▶ [Exercise aim]: For this exercise, write out only the lines of the entries below from the one with "Lyst - Krewe" up to and including the one with "Podcast: Die Sache mit der Liebe", exactly as they are. Pictures stay out.
==== Data provided ====
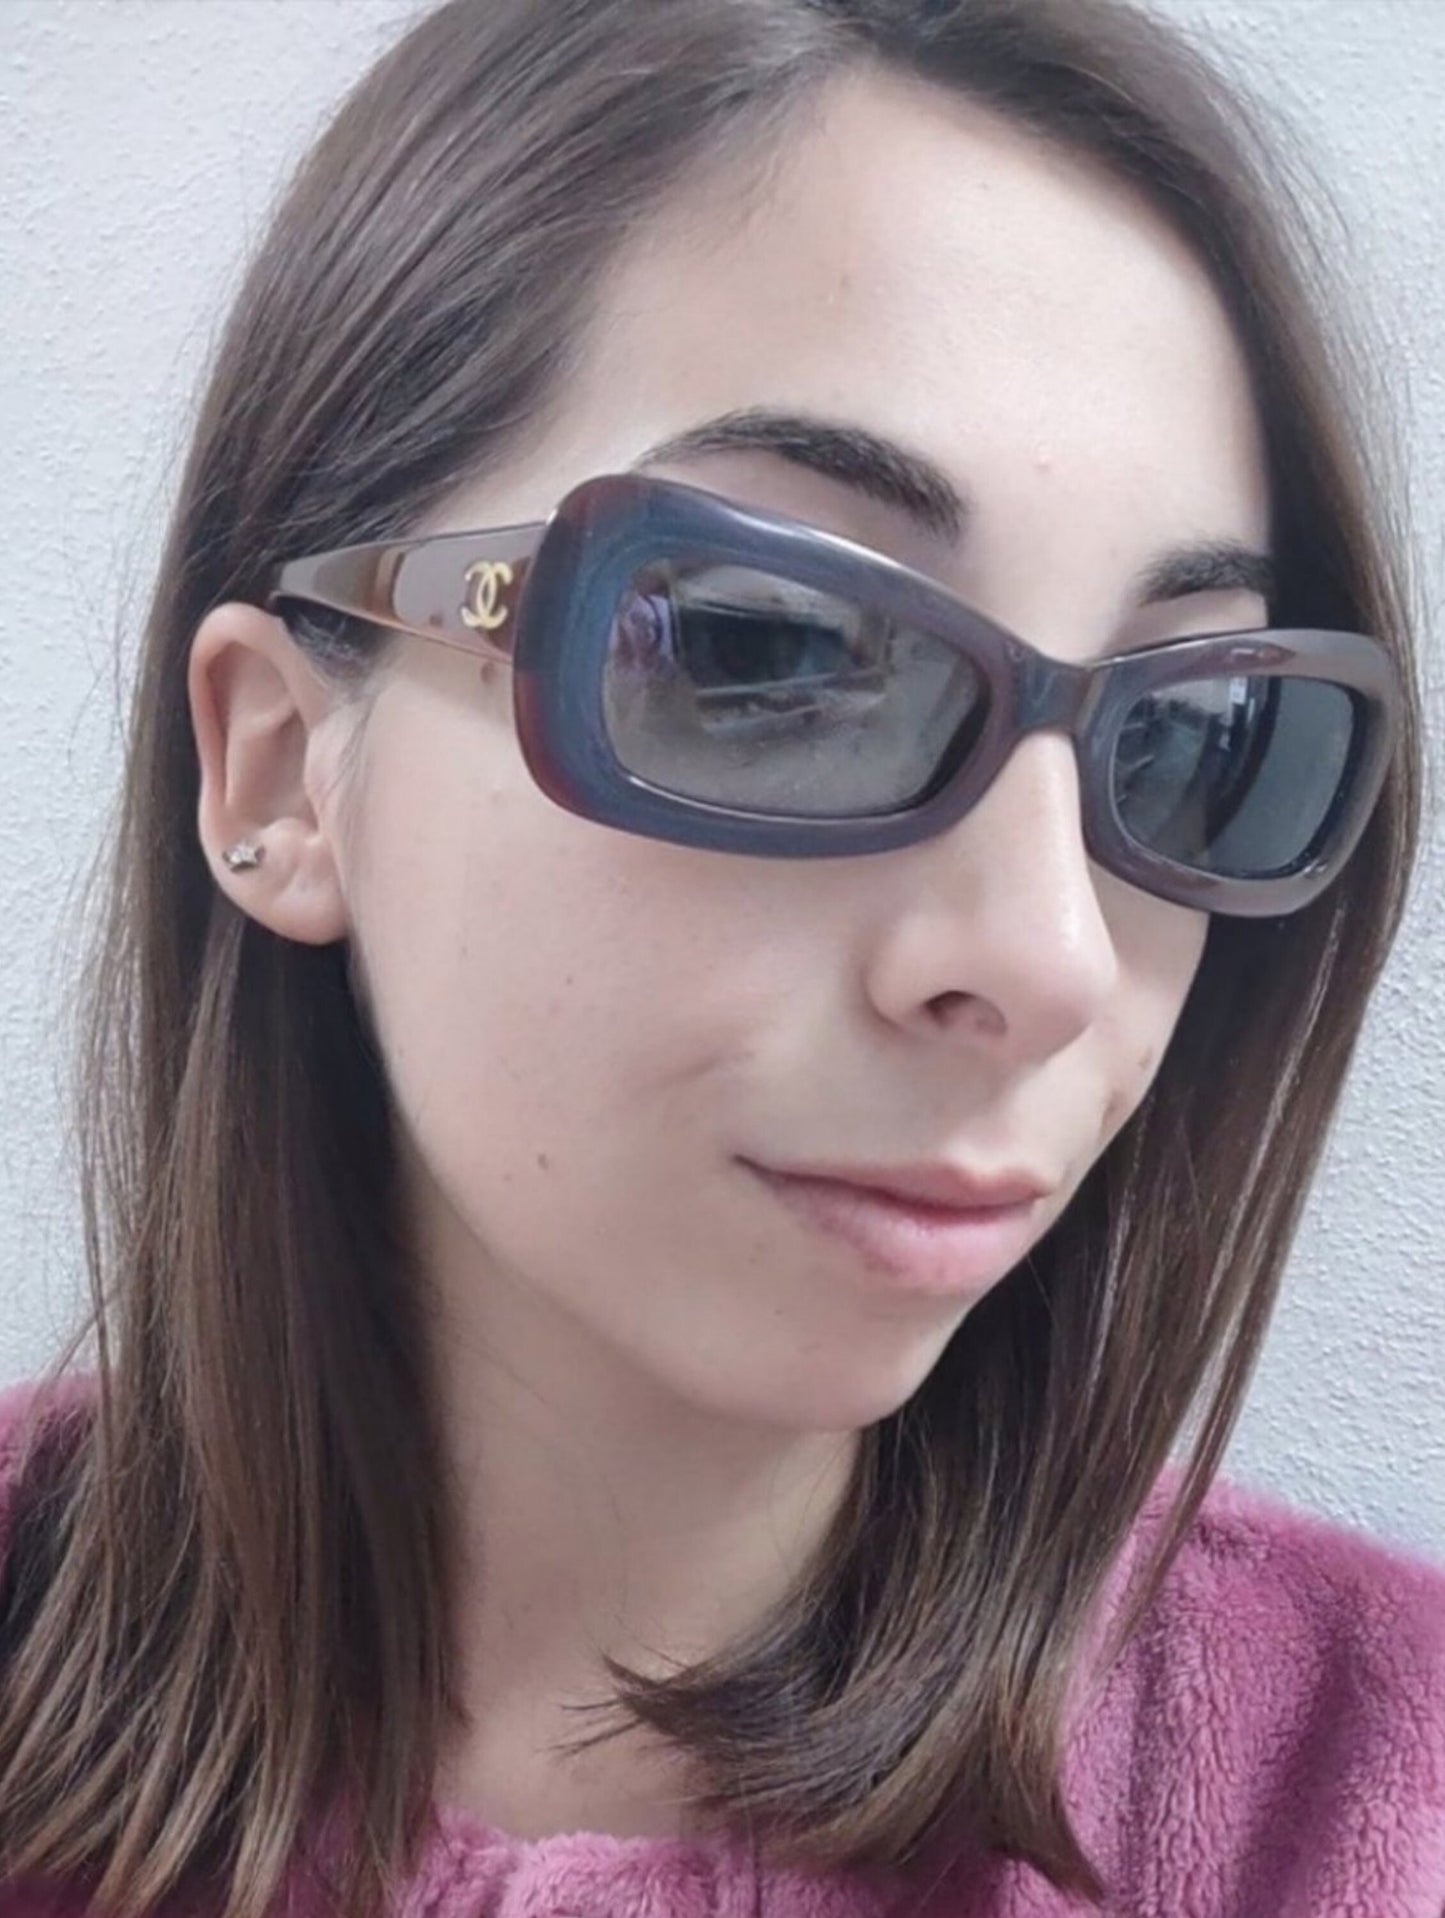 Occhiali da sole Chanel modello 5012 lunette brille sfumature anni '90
====
==== Data provided ====
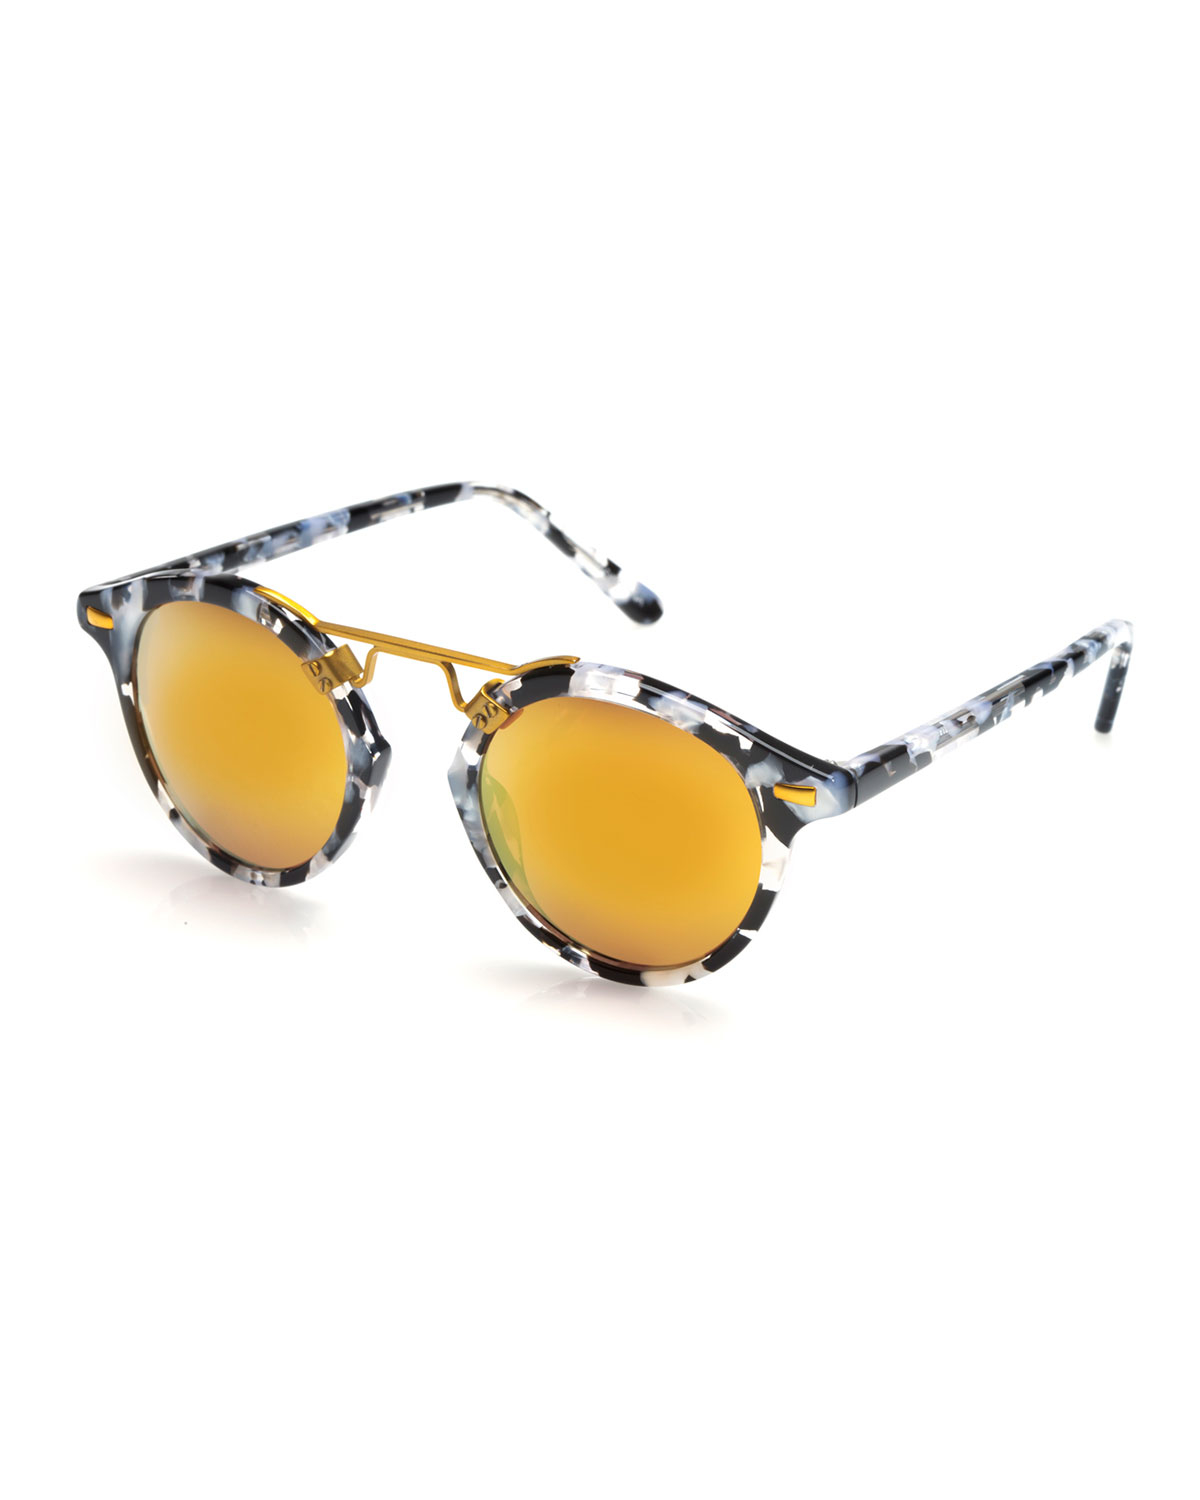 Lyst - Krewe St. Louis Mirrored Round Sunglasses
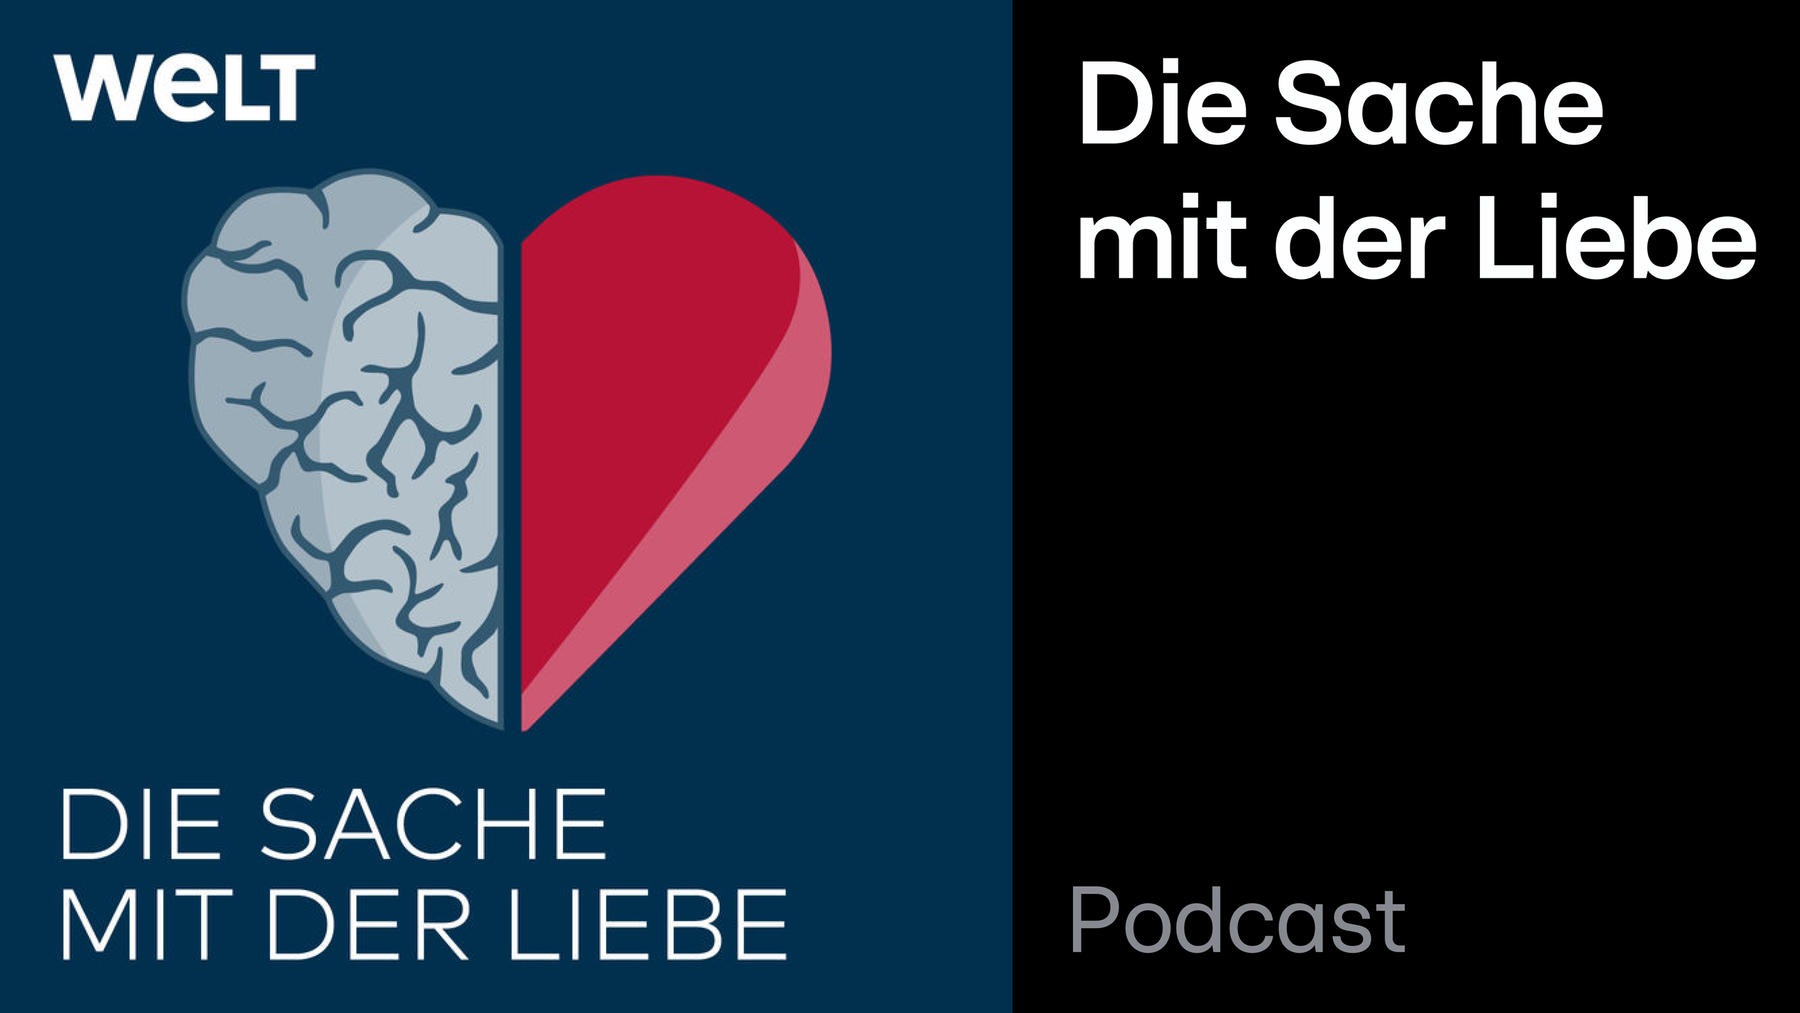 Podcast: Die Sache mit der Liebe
====
==== Data provided ====
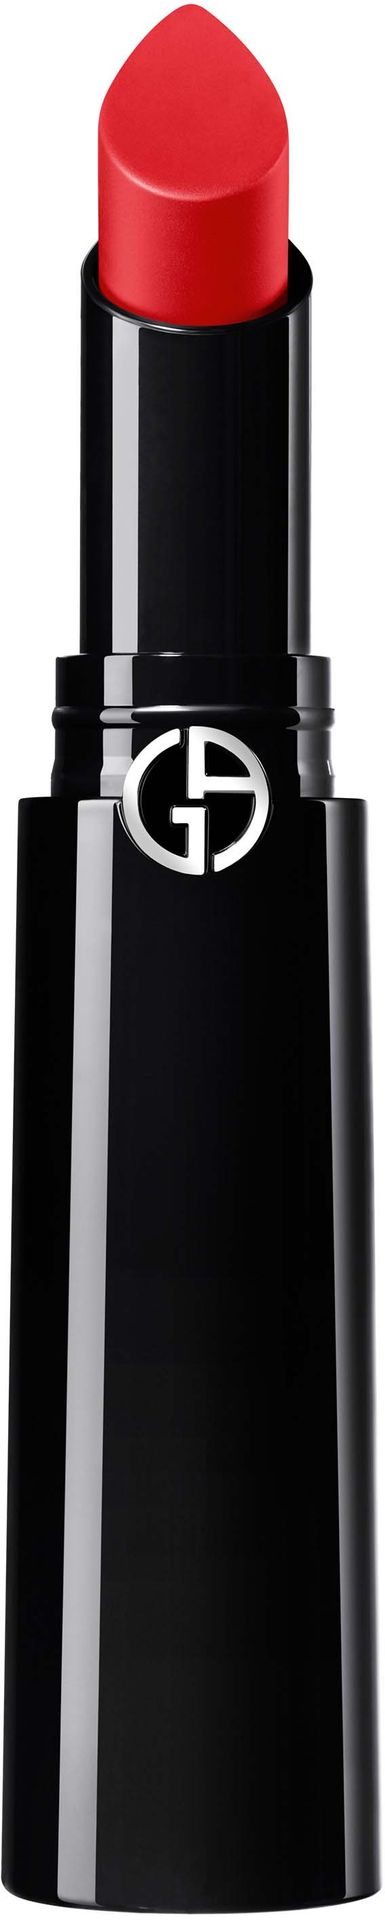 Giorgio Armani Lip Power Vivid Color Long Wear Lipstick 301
====
▶ [Exercise answer]:
 Lyst - Krewe St. Louis Mirrored Round Sunglasses
 Podcast: Die Sache mit der Liebe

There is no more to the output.